I have a generator that I am trying to put into a tf.data.dataset.
def static_syn_batch_generator(
total_size: int, batch_size: int, start_random_seed:int=0,
fg_seeds_ss:SampleSet=None, bg_seeds_ss:SampleSet=None, target_level:str="Isotope"):
static_syn = StaticSynthesizer(
samples_per_seed = 10, # will be updated in generator
snr_function ="log10",
random_state = 0 # will be updated in generator
)
static_syn.random_state = start_random_seed
samples_per_seed = math.ceil(batch_size/(len(fg_seeds_ss)*len(bg_seeds_ss)))
# print(f"static_syn.samples_per_seed={static_syn.samples_per_seed}")
# print(f"static_syn.random_state={static_syn.random_state}")
counter = 0
for i in range(total_size):
# Regenerate for each batch
if counter%batch_size == 0: # Regen data for every batch
fg, bg, gross = static_syn.generate(fg_seeds_ss=fg_seeds_ss, bg_seeds_ss=bg_seeds_ss)
fg_sources_cont_df = fg.sources.groupby(axis=1, level=target_level).sum()
bg_sources_cont_df = bg.sources.groupby(axis=1, level=target_level).sum()
gross_sources_cont_df = gross.sources.groupby(axis=1, level=target_level).sum()
static_syn.random_state += 1
print(static_syn.random_state)
# print(f"static_syn.samples_per_seed={static_syn.samples_per_seed}")
# print(f"static_syn.random_state={static_syn.random_state}")
fg_X = fg.spectra.values[i%batch_size]
fg_y = fg_sources_cont_df.values[i%batch_size].astype(float)
bg_X = bg.spectra.values[i%batch_size]
bg_y = bg_sources_cont_df.values[i%batch_size].astype(float)
gross_X = gross.spectra.values[i%batch_size]
gross_y = gross_sources_cont_df.values[i%batch_size].astype(float)

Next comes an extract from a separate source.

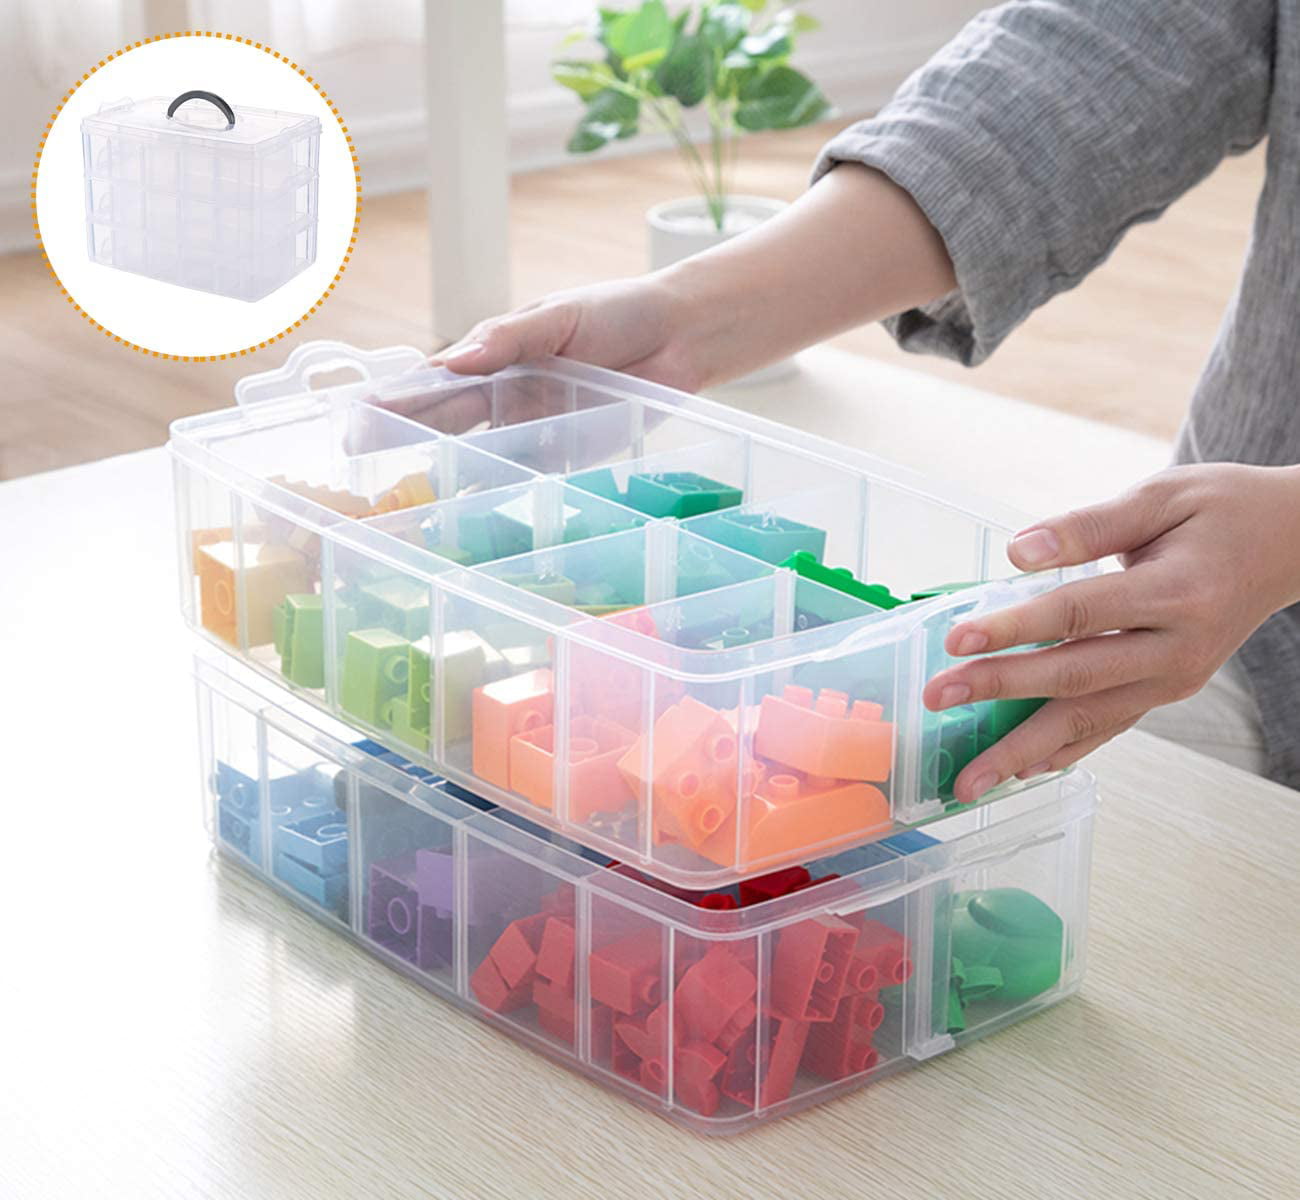 TEHAUX 3pcs Beads Craft Organizers and Storage Button Case Storage Holders  for Tiny Stuff Mini Sundries Organizer Bead Holder Organizer Bead Storage

yield (fg_X, fg_y), (bg_X, bg_y), (gross_X, gross_y)
counter += 1
When running by hand it works and takes 6 seconds to output and compare two instances of the generator (to makes sure random seeding is working):
total_size = 10
batch_size = 2
batch_gen = static_syn_batch_generator(total_size, batch_size, start_random_seed=0, fg_seeds_ss=fg_seeds_ss, bg_seeds_ss=bg_seeds_ss)
fg0 = []
bg0 =[]
gross0 = []
for i, ((fg_X, fg_y), (bg_X, bg_Y), (gross_X, gross_y)) in enumerate(batch_gen):
fg0.append(fg_X)
bg0.append(bg_X)
gross0.append(gross_X)
print(f"len of fg0: {len(fg0)}")
print(f"len of bg0: {len(bg0)}")
print(f"len of gross0: {len(gross0)}")
batch_gen = static_syn_batch_generator(total_size, batch_size, start_random_seed=0, fg_seeds_ss=fg_seeds_ss, bg_seeds_ss=bg_seeds_ss)
fg1 = []
bg1 =[]
gross1 = []
for i, ((fg_X, fg_y), (bg_X, bg_y), (gross_X, gross_y)) in enumerate(batch_gen):
fg1.append(fg_X)
bg1.append(bg_X)
gross1.append(gross_X)
print(f"len of fg1: {len(fg1)}")
print(f"len of bg1: {len(bg1)}")
print(f"len of gross1: {len(gross1)}")
assert np.array_equal(fg0, fg1)
assert np.array_equal(bg0, bg1)
assert np.array_equal(gross0, gross1)
However, when I try to instantiate a tf.data.Dataset.from_generator it takes forever to initalize (actually don't know if it finishes, on minute 15 currently).
fg_seeds_ss, bg_seeds_ss = get_dummy_seeds().split_fg_and_bg()
total_samples = 10
batch_size = 2
start_random_seed = 0
#TODO: TAKES FOREVER
dataset = tf.data.Dataset.from_generator(
generator=static_syn_batch_generator,
args=(total_samples, batch_size, start_random_seed, fg_seeds_ss, bg_seeds_ss, "Isotope"),
output_types=((tf.float32, tf.float32),(tf.float32, tf.float32),(tf.float32, tf.float32))
)
Anyone have any suggestions or see what I am doing wrong?